You wouldn't happen to be doing problem #48 in section 9.7 of this book, would you?

[Kirobaito]

It amazes me that a year and a half ago I would have been able to do this problem. It's not hard at all. I remember knowing how to do Taylor polynomials. But it's all gone. I wouldn't have the first clue what to do.

[xXsarahXx]

what in the name of god is that?!?!

[I Took the Red Pill]

Originally Posted by Flying Mullet ^

I'm assuming that you're using a Taylor Polynomial of degree 3:
x - x³/3

To find the upper bound, or remainder, use the following formula:
( max | f(n+1)(z) | * (x – x0) n+1 ) / (n + 1)!
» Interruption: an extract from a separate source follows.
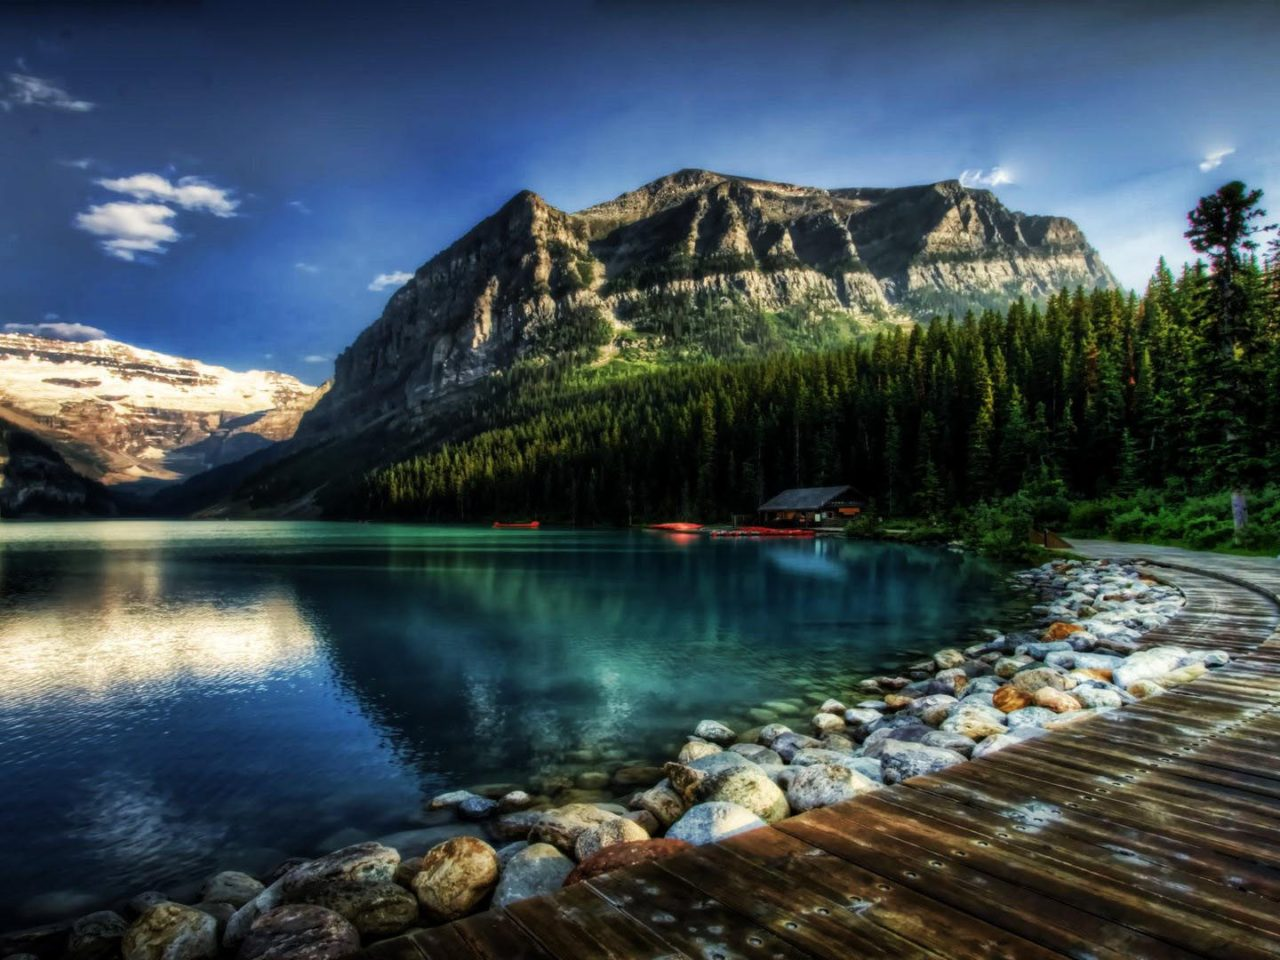 Fall Beach Wallpaper Lake Louise Alberta Canada Fantastic Desktop Wallpaper
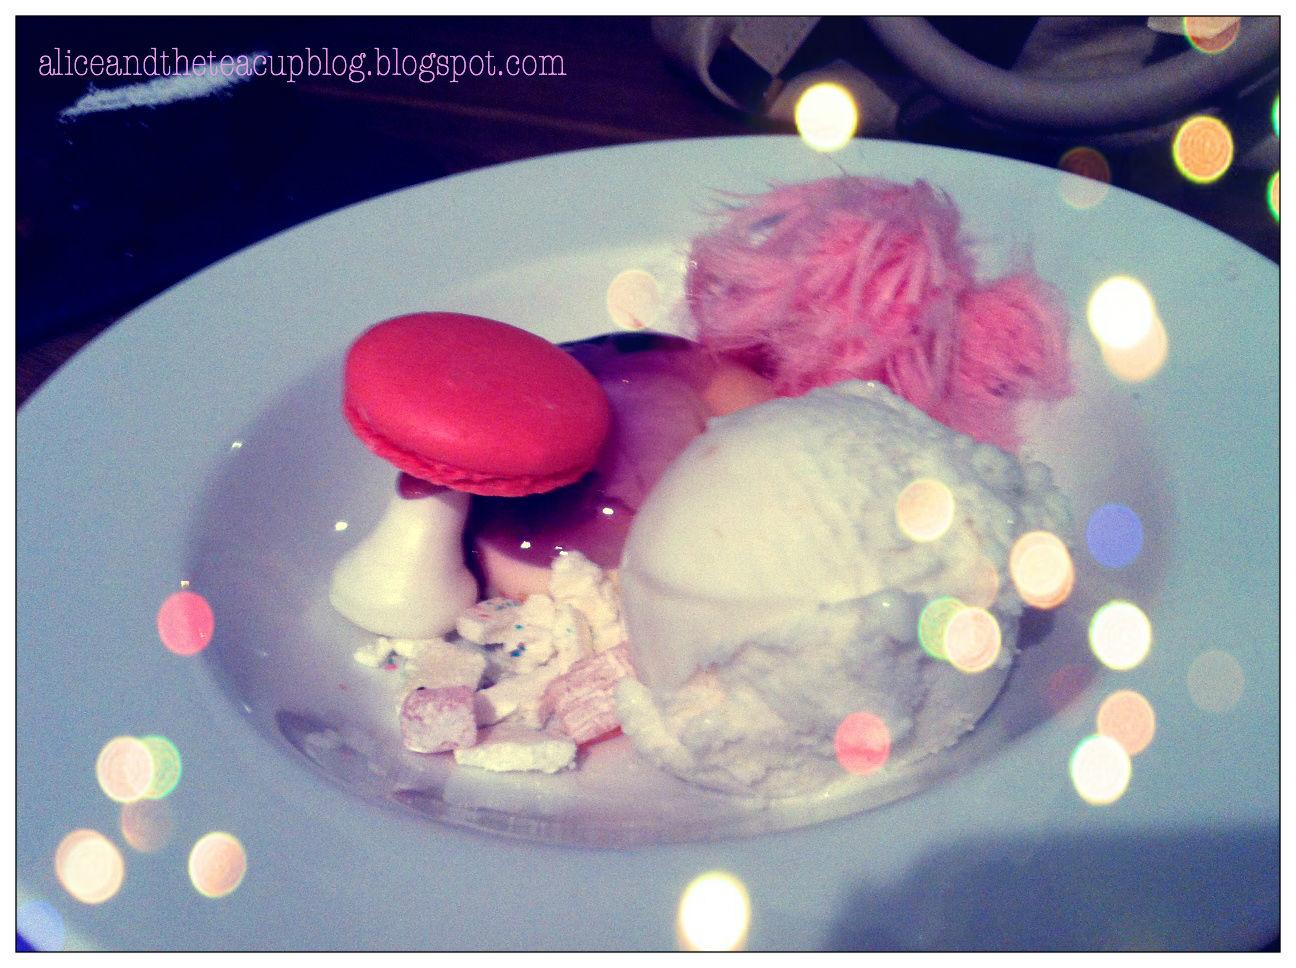 Aviary Dessert Kitchen Review

For you, f(x) is arctan(x), n is 3 (your Taylor Polynomial is up to x³) and x0 is 0, making your equation look like this:
( max | f(4)(z) | * (x)^4 ) / (4)!

You'll need to find the fourth derivative of arctan and then find the maximum value for the fourth derivative of arctan over the interval [0, 0.4].

The fourth derivative of arctan is x(6x^2+9)/(1-x^2)^(7/2). The max value on [0, 0.4] is 7.334.

So your final formula is:
((7.334)x^4) / (4)!

Substitute 0.4 in for x and you get:
((7.334)(0.4)^4) / (4)! = 0.007823

The forumla for the exact remainder is:
| f(x) - Pn(x)| or
| arctan(x) - x - x^3/3 |

So subtiitute 0.4 in for x again and you get:
| arctan(0.4) - (0.4) 0 (0.4)^3/3 | = 0.001833

Thus 0.007823 is the upper bound of the error and 0.001833 is the exact remainder.




You wouldn't happen to be doing problem #48 in section 9.7 of this book, would you?

Thanks a bunch

And yeah, it's #47 in 9.7, but it's not Early Transcendental Functions, it's just Calculus of A Single Variable, Eighth Edition. But it's the same number and section, so I don't know how different they are.

[Flying Mullet]

If you run into any more problems, check out this site:
Calc Chat Free Solutions

It's the online companion to the textbook and they worked out the solutions to the odd number problems there.

Hopefully if you're scratching your head on a problem it will help you.